El mito de Prometeo que narra la «Biblioteca mitológica», una minuciosa recopilación de mitología griega del siglo I-II d.C., sitúa a Prometeo como el criador de la humanidad a partir de barro, un claro paralelismo con la narrativa presente en el Antiguo Testamento. Rastros de estas ideas también se manifiestan en el mito de Pigmalión, un escultor que cinceló una estatua de una joven llamada Galatea, tan hermosa que se enamoró de ella, anhelando que cobrara vida. La intervención de Afrodita propició que la escultura, originariamente de frío mármol, cobrara vida, manifestando la calidez de unas venas y la flexibilidad de los músculos de una mujer.
Los Argonautas, por su parte, dieron vida a un perro autómata para salvaguardar su nave. Un perro dorado similar fue situado por Rea para proteger al bebé Zeus y su nodriza, la cabra Amaltea, en la isla de Creta. Posteriormente, se especuló que Tántalo robó el autómata mientras custodiaba el templo de Zeus, o persuadió a Pandáreo para que lo robara en su nombre. Textos subsiguientes intentaron modificar la concepción del autómata, sugiriendo que el perro dorado era, en realidad, Rea transformada de esa manera por Hefesto. Incluso en la tradición judía, el Golem, creado de arcilla por el rabino Löw, cobró vida mediante una inscripción mágica insertada en su boca, donde se podía leer el nombre de Yahvé.

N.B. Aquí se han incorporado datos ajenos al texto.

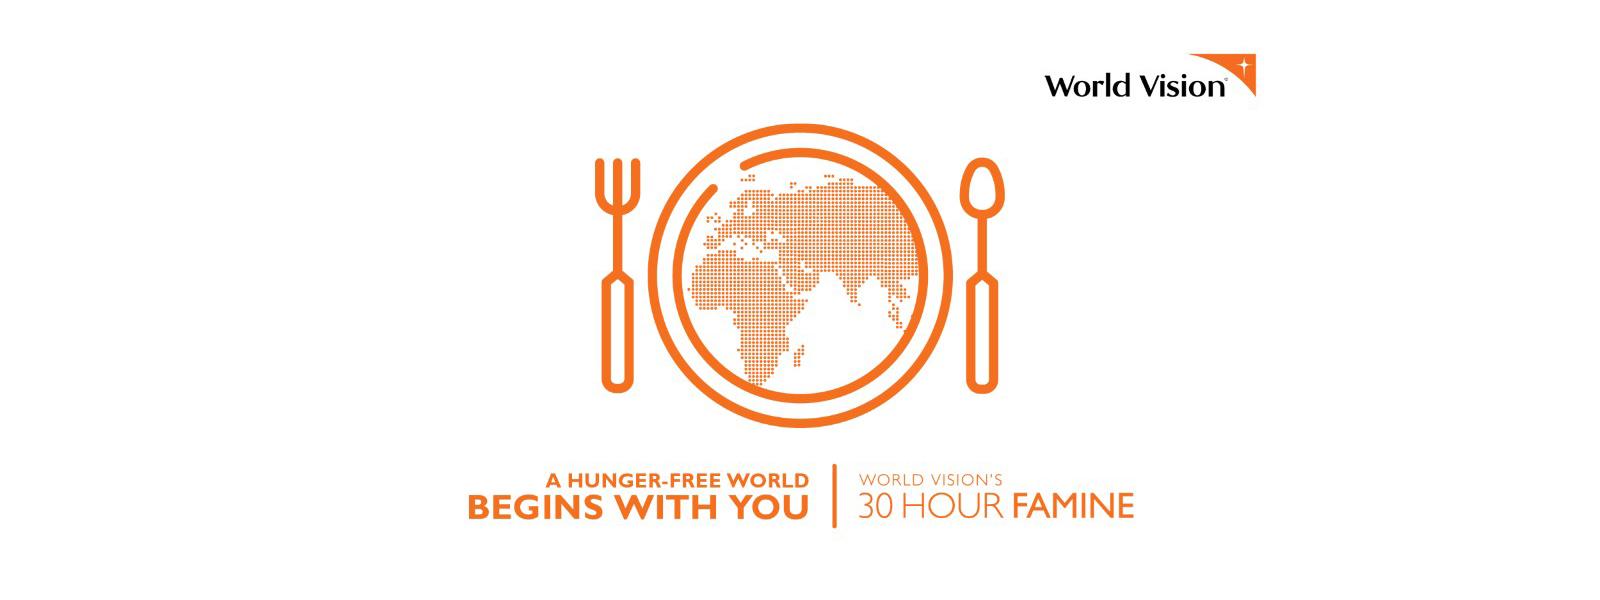 World Vision's 30 Hour Famine.

Este abanico de mitos revela la diversidad de figuras y relatos que exploran la creación de seres artificiales en distintas culturas y épocas.
Los mitos y leyendas sobre estos «proto-robots» ofrecen una perspectiva intrigante sobre el nacimiento temprano de la Inteligencia Artificial, ya que estas creaciones míticas provocan preguntas esenciales, típicas del campo de la filosofía, sobre la naturaleza de la vida y las fronteras entre lo animado y lo inanimado, tales como «¿qué diferenciaba a esas doncellas doradas de los seres vivos, aparte del material con el que fueron hechas?, ¿es solo privilegio de los dioses el crear vida animada?, ¿un cuerpo en movimiento es realmente un ser vivo o debe tener algo más?, ¿las máquinas pueden superar al ser humano en destreza?, ¿por qué representamos a robots con atributos animalescos e incluso humanoides?, ¿somos robots?»
Estos interrogantes, formulados como reflexión desde el mundo contemporáneo sobre los relatos mitológicos de la Antigüedad, resuenan en nuestro tiempo y encuentran eco en la fascinación moderna por la robótica y la vida artificial.
La idea de los autómatas no se desvaneció en los límites temporales del mundo antiguo; sino que han permeado diversas manifestaciones culturales, incluyendo obras literarias, cinematográficas y académicas, tales como «Frankenstein» de Mary Shelley, «Eduardo Manostijeras» de Tim Burton o «Sueñan los androides con ovejas mecánicas» (libro en el que se basó la película «Blade Runner») de Philip K. Dick, reflejando la fascinación humana con la creación, en este caso, de vida artificial.
En el mundo antiguo, el concepto de autómatas, derivado de la palabra griega "αὐτόματος" (autómatos, literalmente "actuar por propia voluntad"), representaba una sorprendente semejanza con seres vivos. Estas maravillas mecánicas estaban diseñadas con la capacidad innata de imitar la vida, y su existencia iba más allá de simples máquinas, insinuando la posibilidad de una forma artificial dotada de cualidades humanas.
Esta palabra fue utilizada por primera vez por Homero en la «Ilíada» 5.749, para describir una puerta automática. También Homero describe a artilugios automáticos de trípodes con ruedas (Homero, «Ilíada» 18.376). Se ha registrado la existencia de otros autómatas en muñecos prehistóricos y también en leyendas del antiguo Egipto donde estatuas animadas de divinidades desempeñaban un papel clave en ceremonias religiosas.